Big Sky champions

NCAA tournament, First round
- Conference: Big Sky Conference

Ranking
- Coaches: No. 19
- Record: 20–7 (13–1 Big Sky)
- Head coach: Gene Visscher (2nd season);
- Assistant coach: Neil McCarthy
- Home arena: Wildcat Gym

= 1972–73 Weber State Wildcats men's basketball team =

American college basketball season

The 1972–73 Weber State Wildcats men's basketball team represented Weber State College during the 1972–73 NCAA University Division basketball season. Members of the Big Sky Conference, the Wildcats were led by second-year head coach Gene Visscher and played their home games on campus at Wildcat Gym in Ogden, Utah. They were 20–6 in the regular season and 13–1 in conference play.

The conference tournament was three years away, and for the sixth consecutive season, Weber State won the Big Sky title and played in the 25-team NCAA tournament. In the West regional at nearby Logan, they met Jerry Tarkanian's fourth-ranked Long Beach State 49ers in the first round for the third time in the four years. The Wildcats led by two points at the half, but lost by a dozen.

Weber's next NCAA appearance was five years later in 1978.

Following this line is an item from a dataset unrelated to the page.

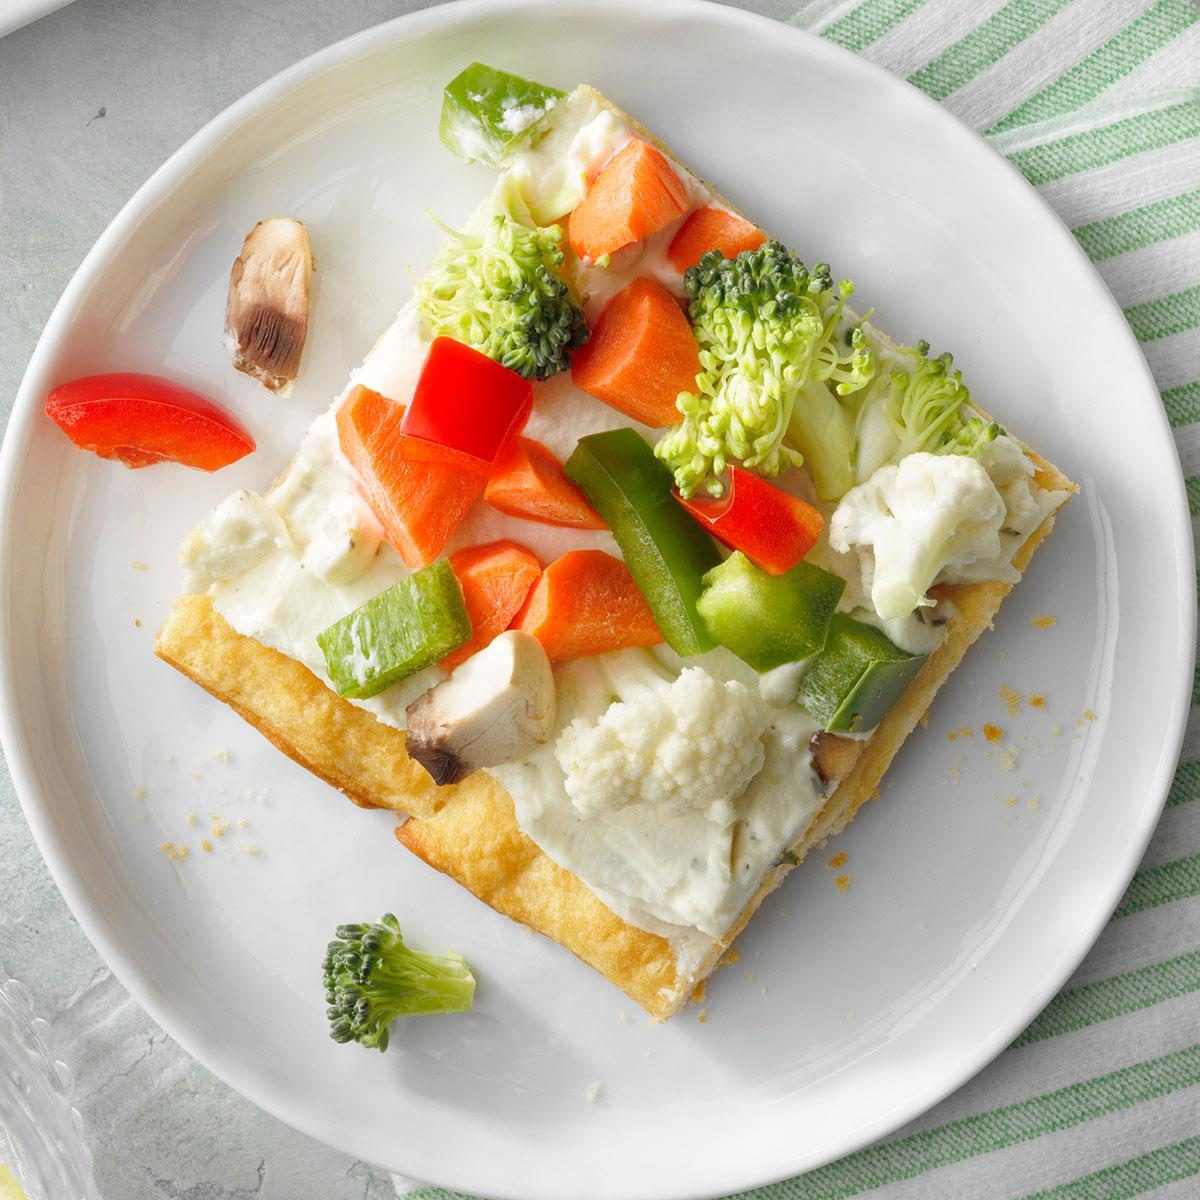 <p>Don't sweat it when it comes to tailgate food. Just carry in this colorful veggie pizza that's topped with a rainbow of crunchy vegetables! —Brooke Wiley, Halifax, Virginia</p> <div class="listicle-page__buttons"> <div class="listicle-page__cta-button"><a href='https://www.tasteofhome.com/recipes/fresh-veggie-pizza/'>Go to Recipe</a></div> </div>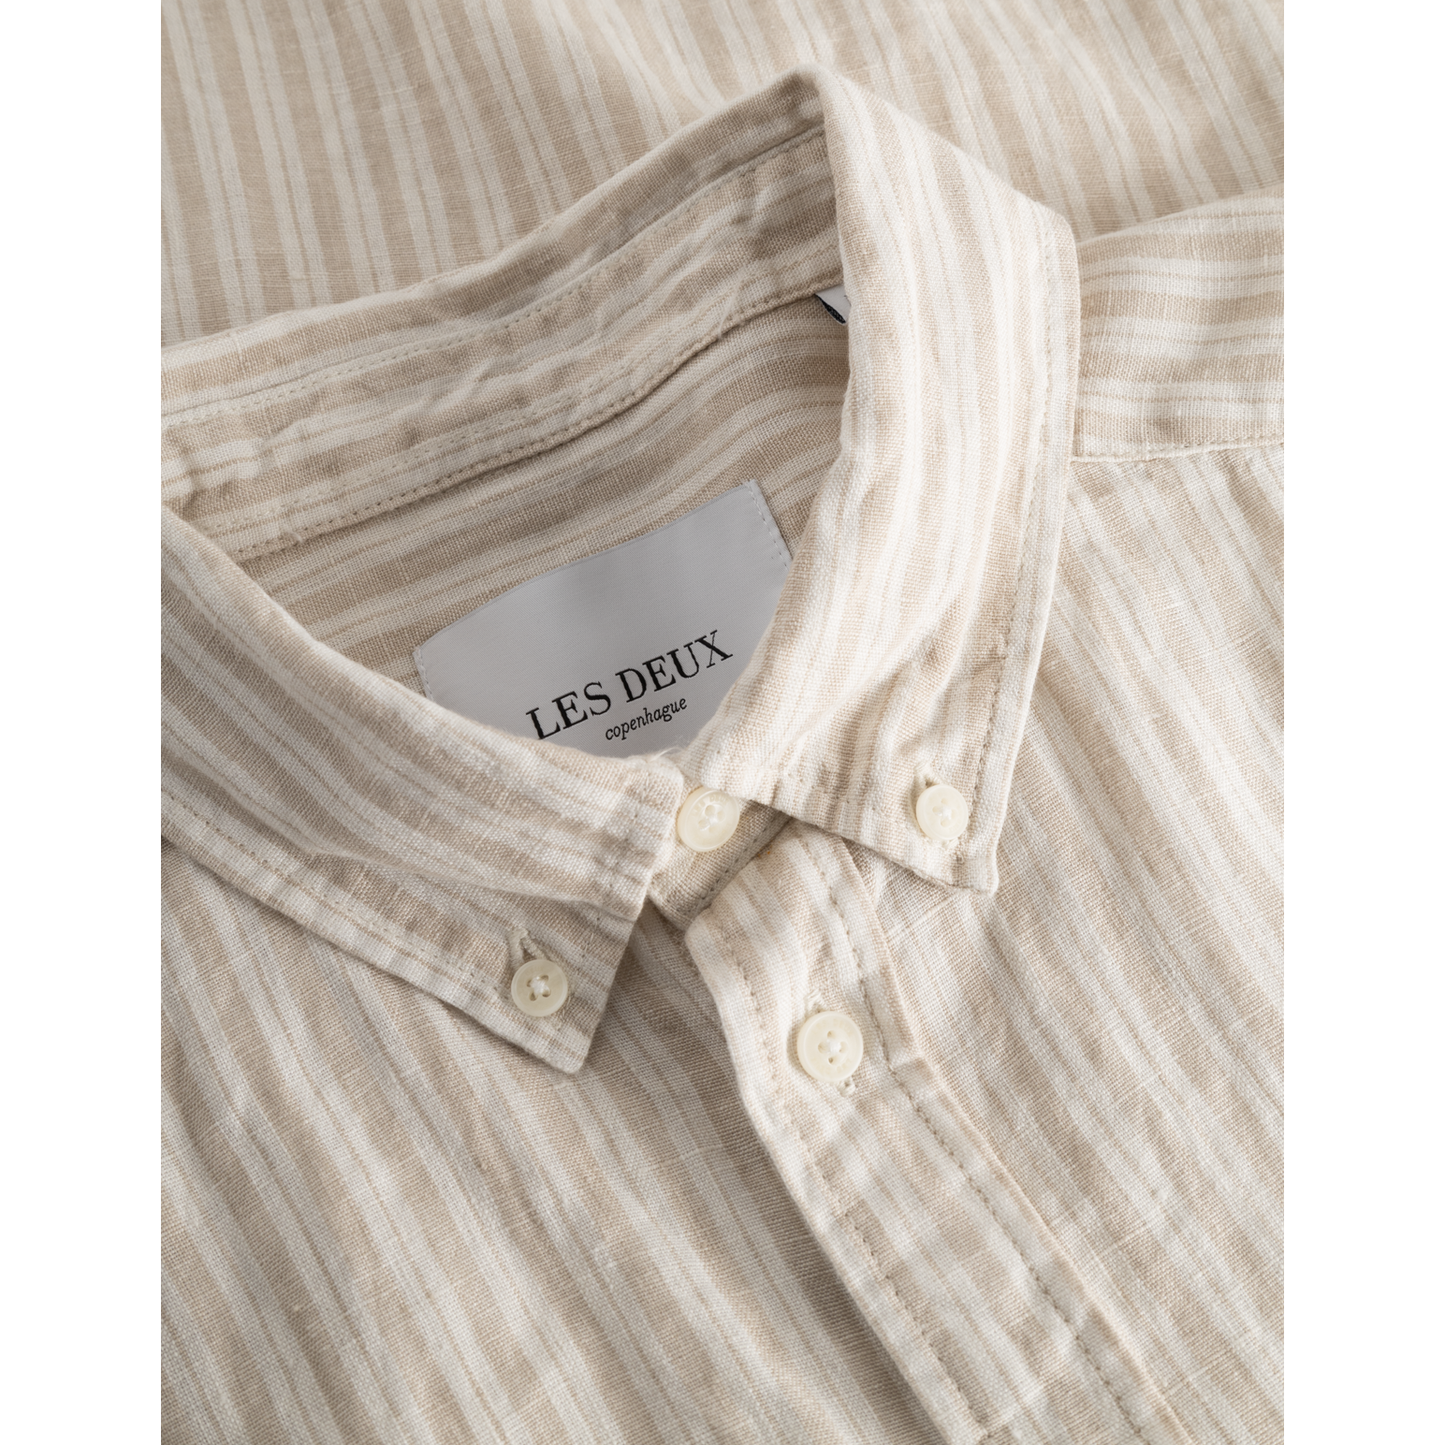 Close-up of a Kris Linen SS Shirt in Light Desert Sand/Light Ivory with a button-down collar showing the brand label "Les Deux".

Senior center Rich Cooper and senior guard Brady Small were named to the all-conference team; junior guard Dan Dion and senior forward Ken Gubler were on the second team.

==Postseason result==

| Date time, TV | Opponent | Result | Record | Site (attendance) city, state |
NCAA tournament
| Sat, March 10* 12:05 pm | vs. No. 4 Long Beach State First round | L 75–88 | 20–7 | Smith Spectrum (6,706) Logan, Utah |
*Non-conference game. ^{#}Rankings from AP poll. (#) Tournament seedings in parentheses. All times are in Mountain time.